Hmm. I'm stuck on handling deletion in UniversalFallbackUtilities.Model:
julia> using MathOptInterface
julia> const MOI = MathOptInterface
MathOptInterface
julia> model = MOI.Utilities.Model{Float64}()
MOIU.GenericModel{Float64, MOIU.ModelFunctionConstraints{Float64}}
julia> x = MOI.add_variable(model)
MathOptInterface.VariableIndex(1)
julia> @time @eval MOI.delete(model, x)
11.937550 seconds (17.38 M allocations: 957.306 MiB, 3.09% gc time, 100.01% compilation time)
Fixed in #1315.
This biggest issue now is the inferrability of default_copy_to:
https://github.com/jump-dev/MathOptInterface.jl/blob/85f97037e296e898389cb5086f4e77800ed52007/src/Utilities/copy.jl#L638-L650
Things like this are quite bad https://github.com/jump-dev/MathOptInterface.jl/blob/85f97037e296e898389cb5086f4e77800ed52007/src/Utilities/copy.jl#L457-L509
Removing this from 0.10. We've made some good progress, and there is a plan to improve things further in the next JuMP release.
Take a look at https://github.com/JuliaDiff/ChainRules.jl/pull/499
A big offender is:
using SnoopCompile
using GLPK; const MOI = GLPK.MOI
model = MOI.instantiate(GLPK.Optimizer; with_bridge_type = Float64)
f(model) = MOI.set(model, MOI.ObjectiveSense(), MOI.MIN_SENSE)

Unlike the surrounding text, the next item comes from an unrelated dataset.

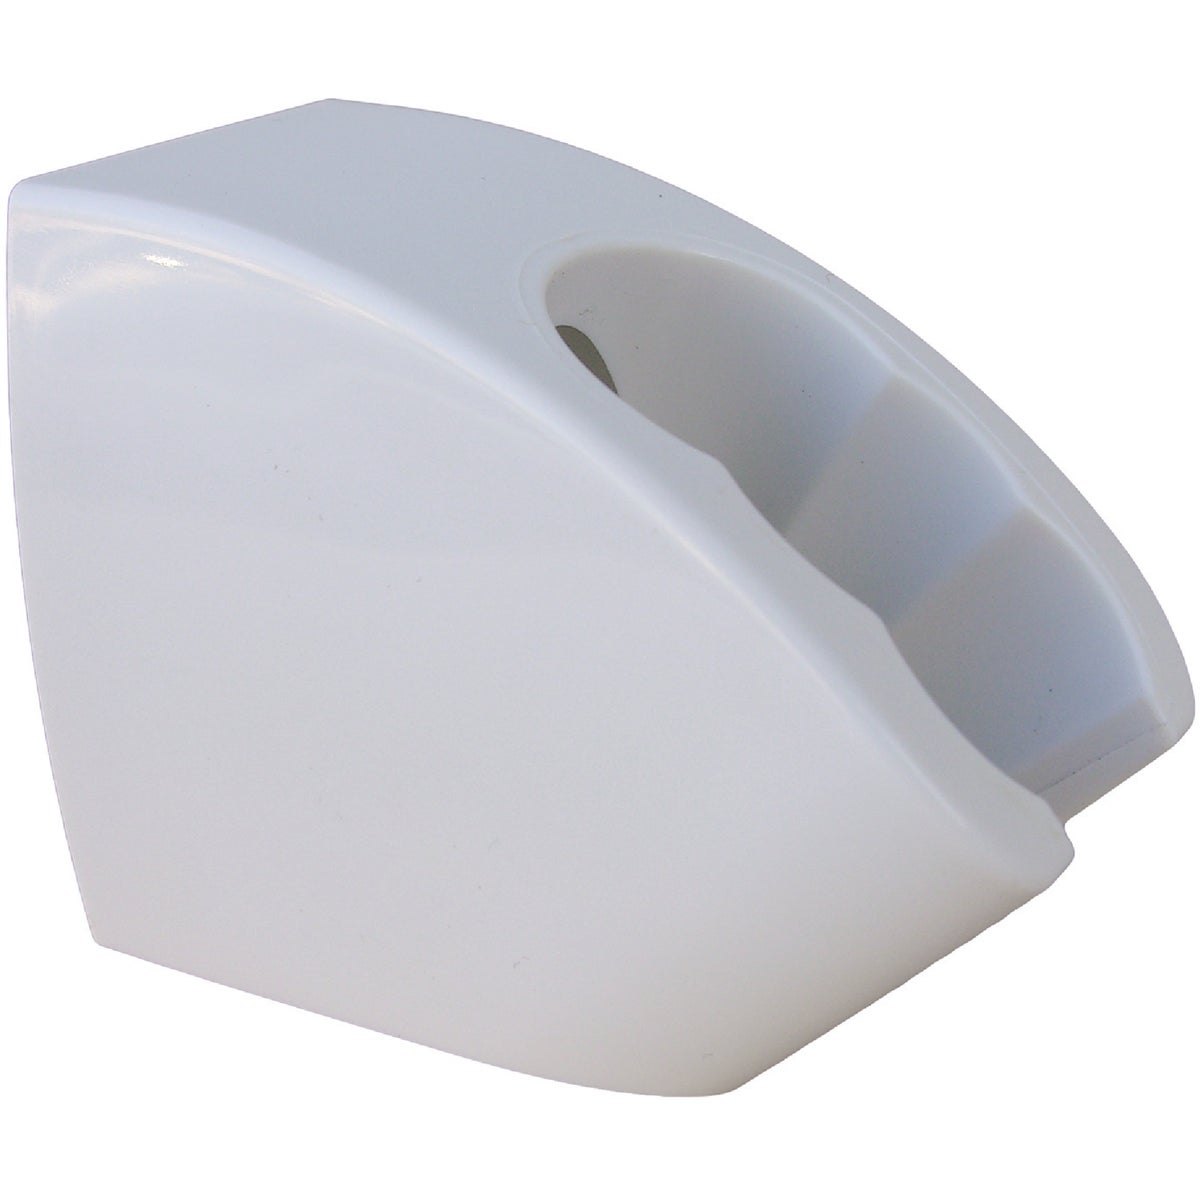 Lasco White Plastic 3-Position Wall Mount Shower Bracket

tinf = @snoopi_deep f(model)
itrigs = inference_triggers(tinf)
mtrigs = accumulate_by_source(Method, itrigs)
using ProfileView
fg = flamegraph(tinf)
ProfileView.view(fg)
Closing because things are now muuuuch better (with Julia 1.9)
(base) oscar@Oscars-MBP /tmp % julia +1.9 --project=. --depwarn=error bench.jl clp
Running: clp
3.103880 seconds (3.67 M allocations: 246.743 MiB, 4.04% gc time, 99.69% compilation time: <1% of which was recompilation)
0.001400 seconds (2.95 k allocations: 153.984 KiB)
(base) oscar@Oscars-MBP /tmp % julia +1.9 --project=. --depwarn=error bench.jl clp --no-bridge
Running: clp --no-bridge
1.396099 seconds (1.39 M allocations: 95.472 MiB, 3.82% gc time, 99.63% compilation time)
0.001089 seconds (1.74 k allocations: 122.922 KiB)
(base) oscar@Oscars-MBP /tmp % julia +1.9 --project=. --depwarn=error bench.jl glpk
Running: glpk
1.899633 seconds (2.60 M allocations: 179.593 MiB, 4.50% gc time, 99.74% compilation time: <1% of which was recompilation)
0.000728 seconds (2.26 k allocations: 89.062 KiB)
(base) oscar@Oscars-MBP /tmp % julia +1.9 --project=. --depwarn=error bench.jl glpk --no-bridge
Running: glpk --no-bridge
0.525569 seconds (634.41 k allocations: 43.383 MiB, 5.80% gc time, 99.73% compilation time)
0.000331 seconds (532 allocations: 58.844 KiB)
(base) oscar@Oscars-MBP /tmp % julia +1.9 --project=. --depwarn=error bench.jl highs
Running: highs
0.658714 seconds (797.60 k allocations: 54.717 MiB, 98.87% compilation time: 31% of which was recompilation)
0.002237 seconds (2.27 k allocations: 89.609 KiB)
(base) oscar@Oscars-MBP /tmp % julia +1.9 --project=. --depwarn=error bench.jl highs --no-bridge
Running: highs --no-bridge
1.474796 seconds (1.52 M allocations: 104.449 MiB, 2.58% gc time, 99.77% compilation time)
0.001385 seconds (483 allocations: 53.781 KiB)
We can continue to improve by adding PrecompileTools, but let's use #2226 as that issue.